▶ _DIRECTIONS FOR THIS TASK_
Restate word for word the lines in the listing below, starting at the line containing "Death Prophet Krobelus" and ending at the line containing "Dixon Valve BFN150NST", both included; leave out the rest.

*** Opening RECORDS FOR PROCESSING ***

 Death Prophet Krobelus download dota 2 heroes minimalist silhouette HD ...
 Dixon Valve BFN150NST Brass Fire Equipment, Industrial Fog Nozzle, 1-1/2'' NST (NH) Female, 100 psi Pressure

*** Closing RECORDS FOR PROCESSING ***
*** Opening RECORDS FOR PROCESSING ***

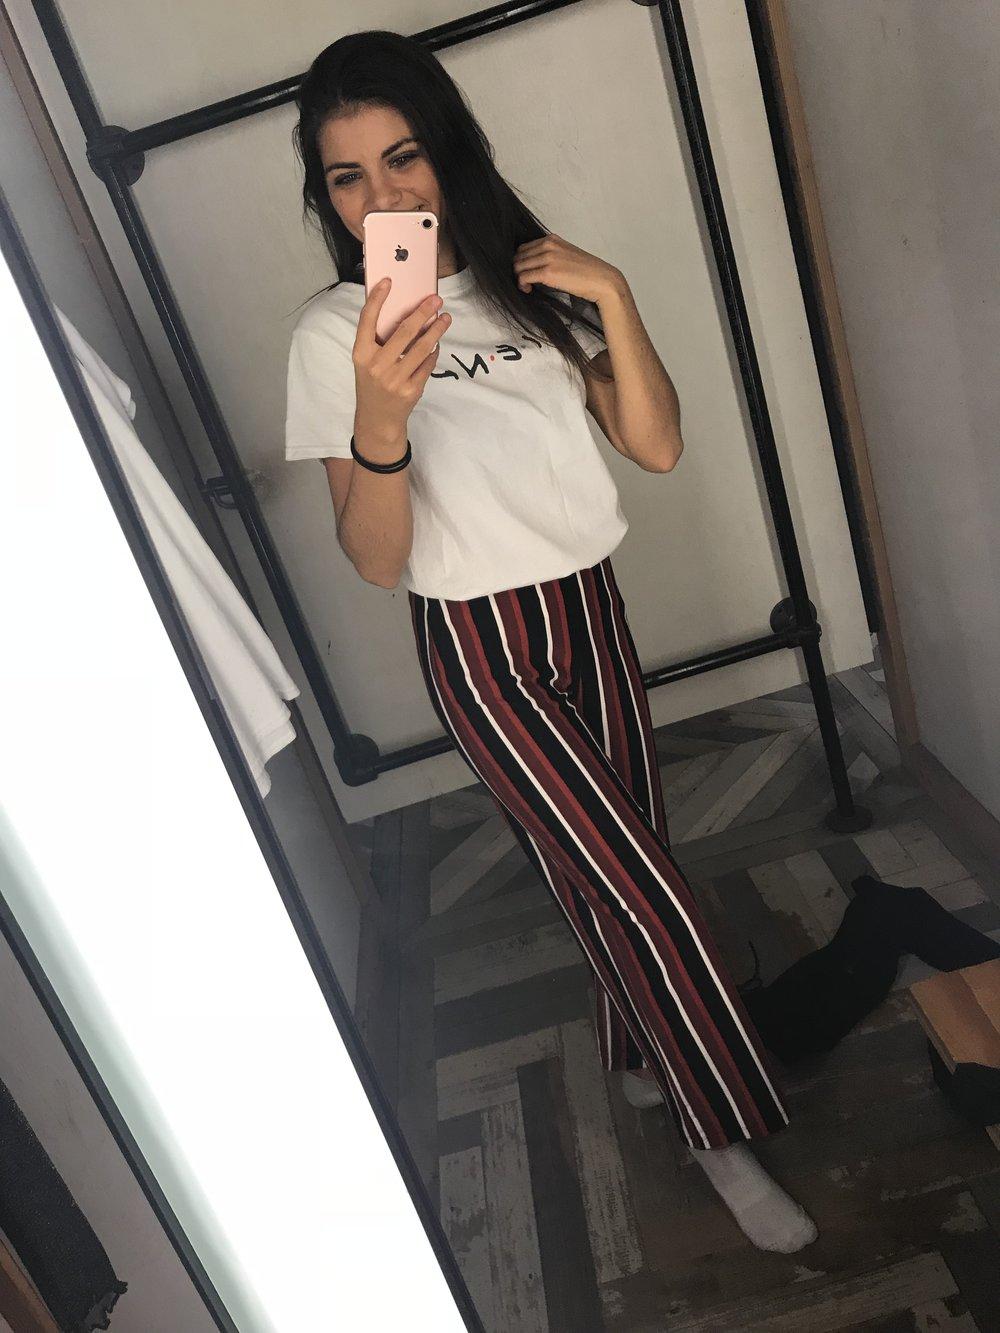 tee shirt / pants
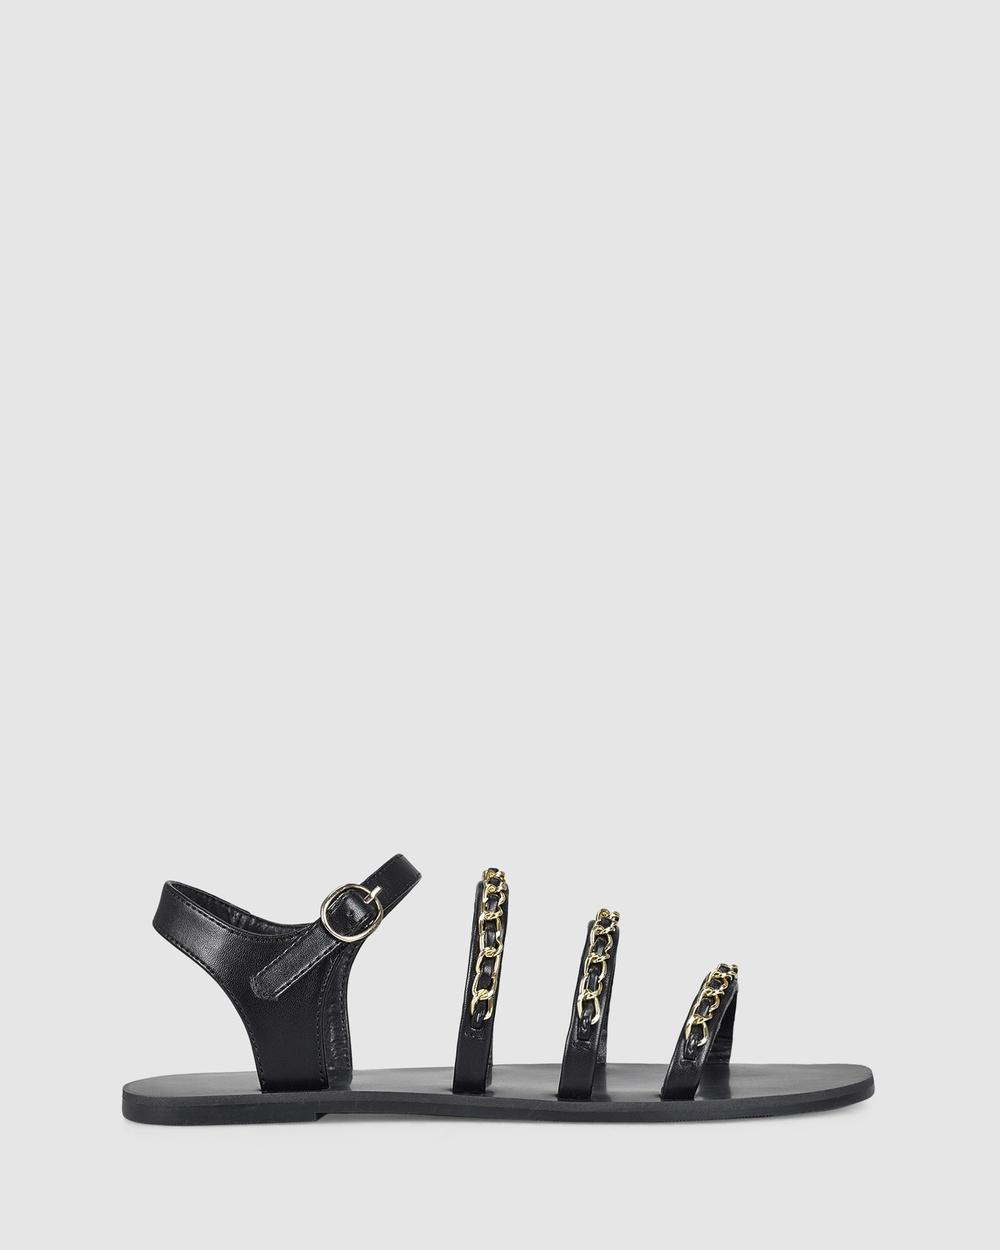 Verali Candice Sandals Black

*** Closing RECORDS FOR PROCESSING ***
*** Opening RECORDS FOR PROCESSING ***

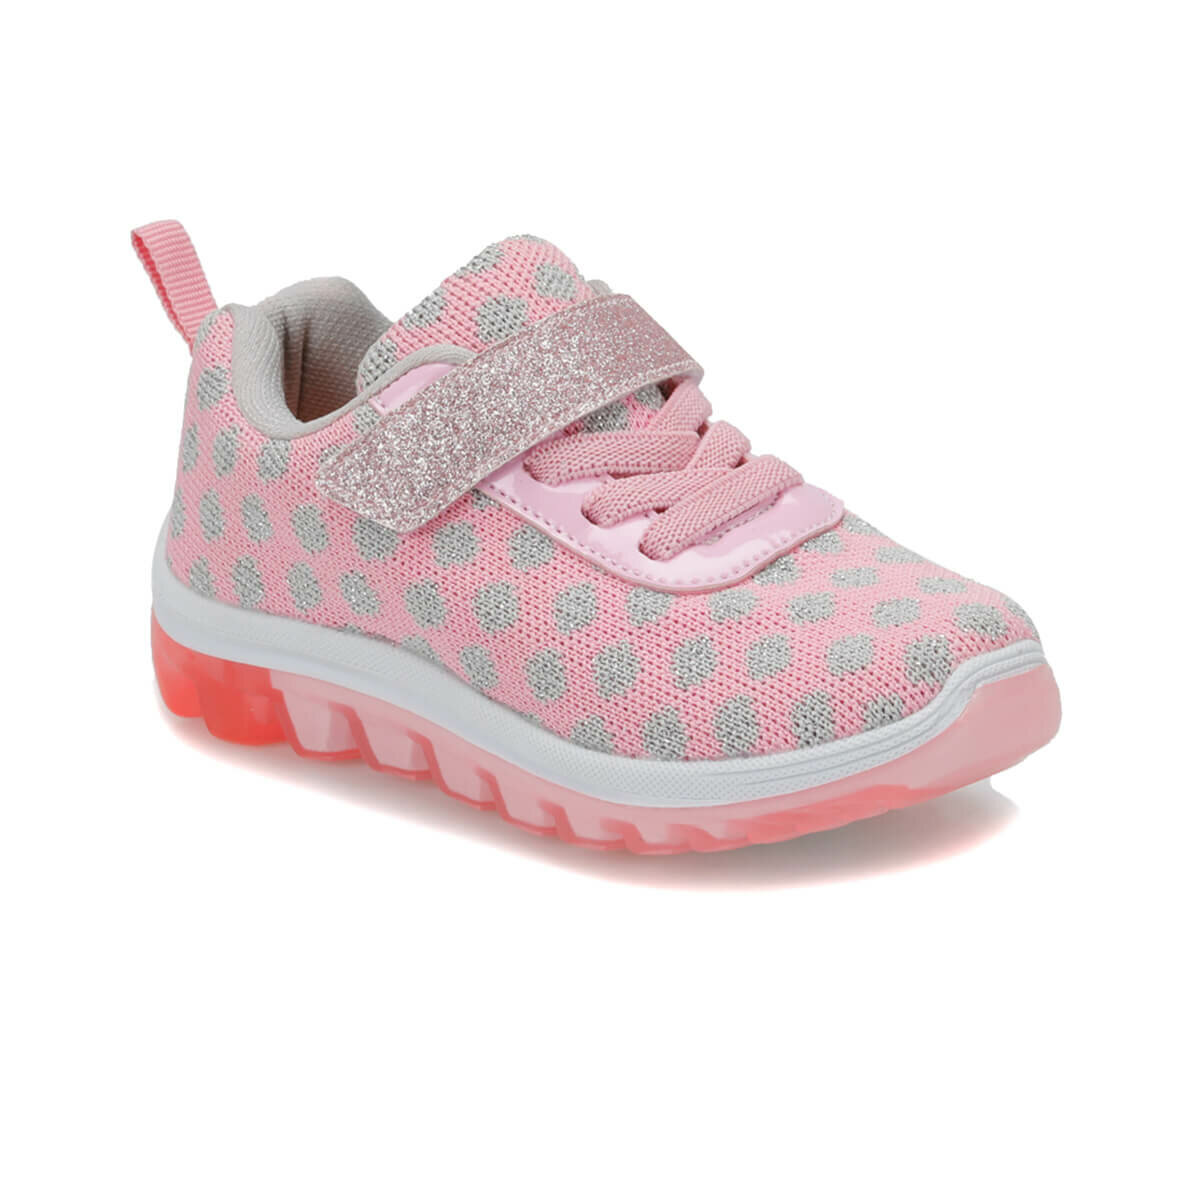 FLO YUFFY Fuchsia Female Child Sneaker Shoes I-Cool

*** Closing RECORDS FOR PROCESSING ***

▶ _RESULT BELOW_
 Death Prophet Krobelus download dota 2 heroes minimalist silhouette HD ...
 Dixon Valve BFN150NST Brass Fire Equipment, Industrial Fog Nozzle, 1-1/2'' NST (NH) Female, 100 psi Pressure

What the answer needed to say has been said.